Federal Transport Minister Anthony Albanese talks of "parliamentary scrutiny" when it comes to governments’ ability to hike the amount you

Federal Transport Minister Anthony Albanese talks of “parliamentary scrutiny” when it comes to governments’ ability to hike the amount you pay for road access if and when they choose. Nothing could be further from the truth.

The Government is spinning its latest amendments — designed to end a parliamentary filibuster which leaves pricing changes applied inconsistently under the federal and ACT schemes — as a win for the transport industry. In fact, the situation is even worse.

Industry was concerned the Government would apply an automatic indexation to the fuel excise, which would have seen fuel tax rise in January every year regardless of road use and infrastructure investment.

Instead, the Government intends to amend the excise “by regulation”. When it chooses, under a formula it won’t reveal.

Parliament can’t debate regulation, only block it. If the Government has the numbers in the Senate higher charges sail through. That is more money for treasury coffers with no obligation to return it to the road on which it was collected.

To call that scrutiny insults the transport industry, which signs a blank cheque every year for billions of dollars in access fees. It’s underhanded and unfair.

This Government had promised more. Indeed, transport ministers across all jurisdictions welcomed a Productivity Commission report into road and rail pricing that strongly recommended a more transparent process for collecting road user charges and a stronger link between revenue and infrastructure investment.

Ministers were left burnt by the last round of pricing regulations which were knocked on the head largely because they failed to make a logical and transparent case for higher transport costs. Albanese hasn’t learnt the lesson.

The industry’s response has not been unreasonable. Groups like the Australian Trucking Association (ATA) accept operators need to pay more as the road task increases and governments spend more on the infrastructure network. But the ATA rightly asked to know just what operators are getting for their buck. That remains entirely unclear.

The deal the ATA put on the table was fair: we’ll pay our way, but you’ll live up to your end of the bargain and build the necessary rest area facilities on the national network to provide a safer workplace for the increased rent.
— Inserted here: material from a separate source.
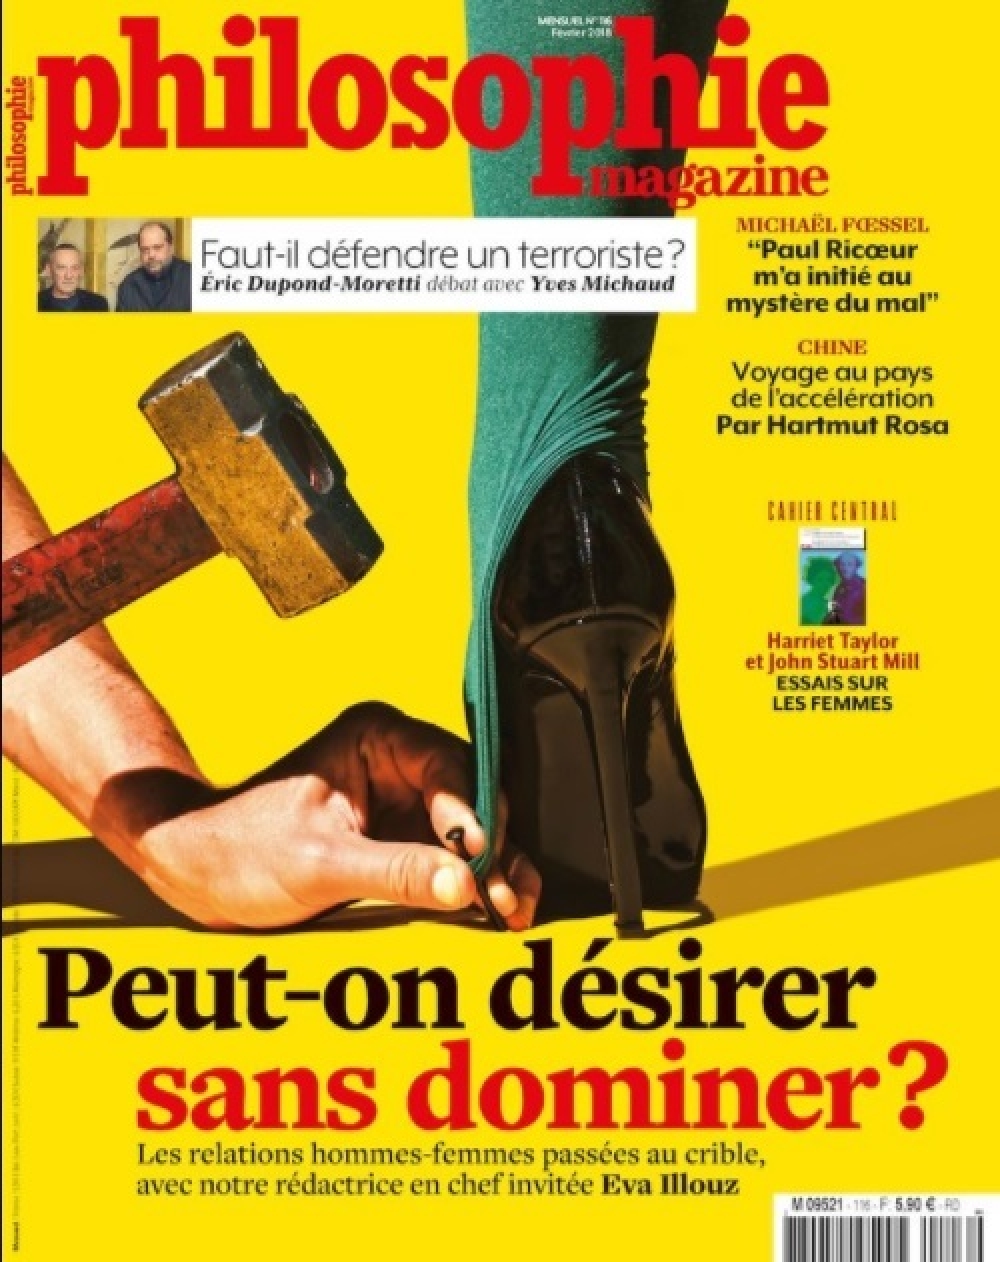 法國雜誌的後續對#METOO 運動多有討論。（圖片取自女人迷）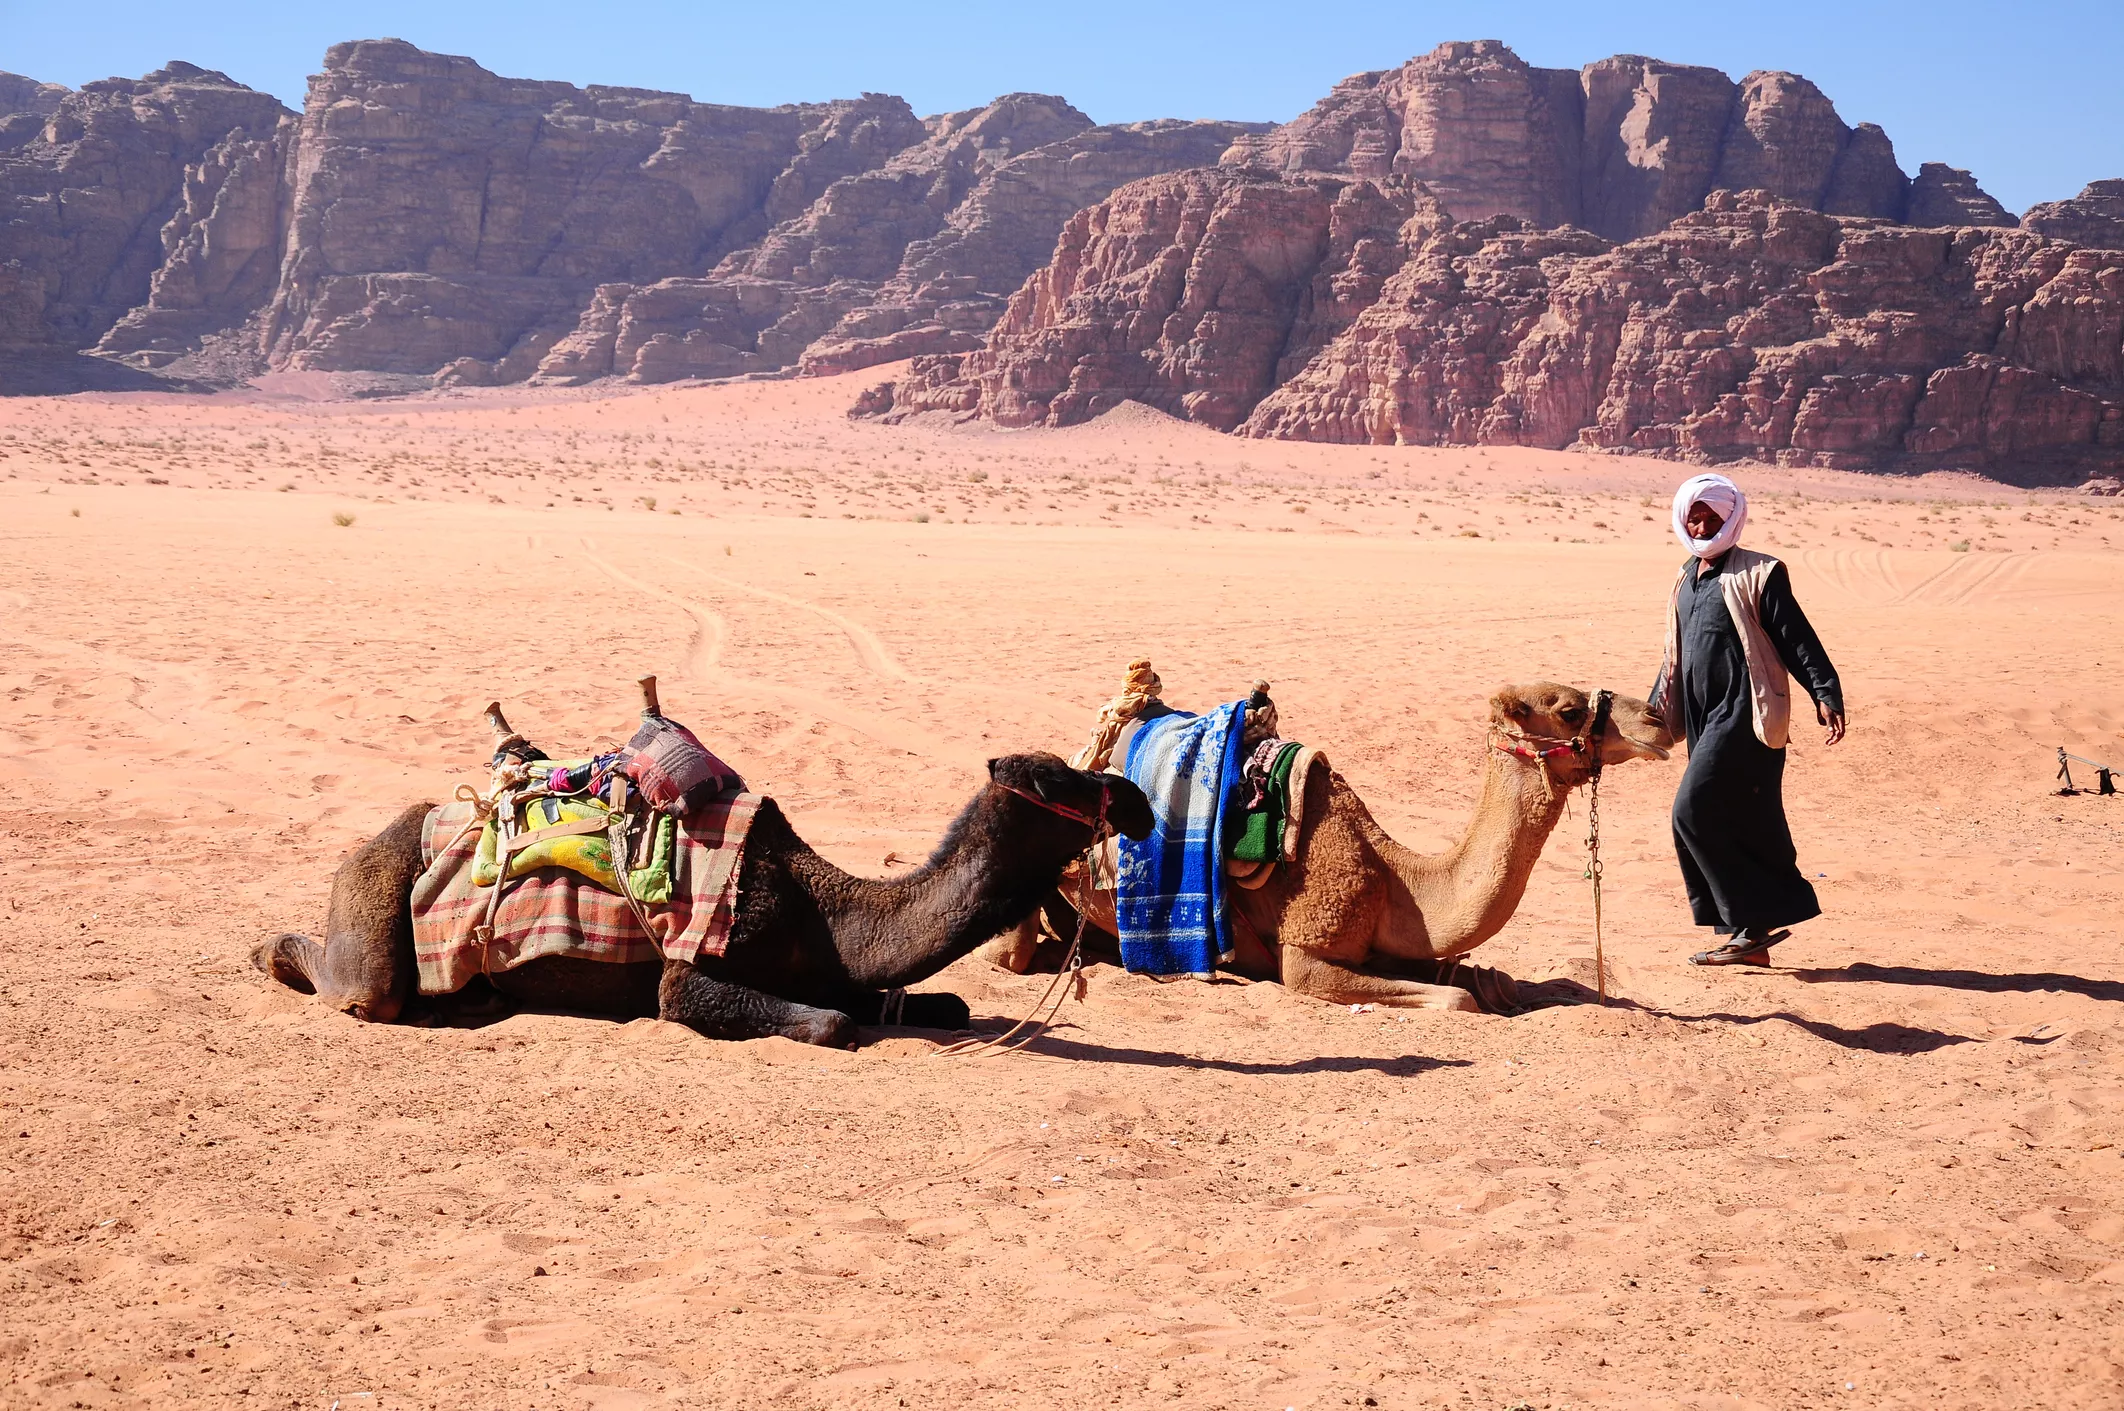 Les tribus nòmades del Sàhara oferien protecció militar i camells a les caravanes comercials de les tribus sedentàries que anaven des de Mali fins al Marroc

There’s the suggestion the Government was unfairly wedged on the issue. Try being wedged between complying with fatigue laws (and keeping your job) and not having anywhere to pull up.

Not only is there no obligation on behalf of the Government to build the facilities so necessary to comply with fatigue regulations it supports, there remains no responsibility to base its pricing decisions on anything other than whim.

Not the amount and types of vehicles on the road. Not the damage they do and the share of maintenance they’re responsible for. Not the amount of money governments are actually investing in building and repairing highways. Not the mysterious mathematics of any revenue-hungry government of the day.

The fundamental flaw with the current pricing model is, really, nobody understands it. Infrastructure investment figures from jurisdictions were apples-and-oranges stuff; the estimates on road use and the damage certain vehicles do to certain roads are rubbery at best.

Now Albanese wants to add yet another layer of cloaked confusion. He should again go back to the drawing board.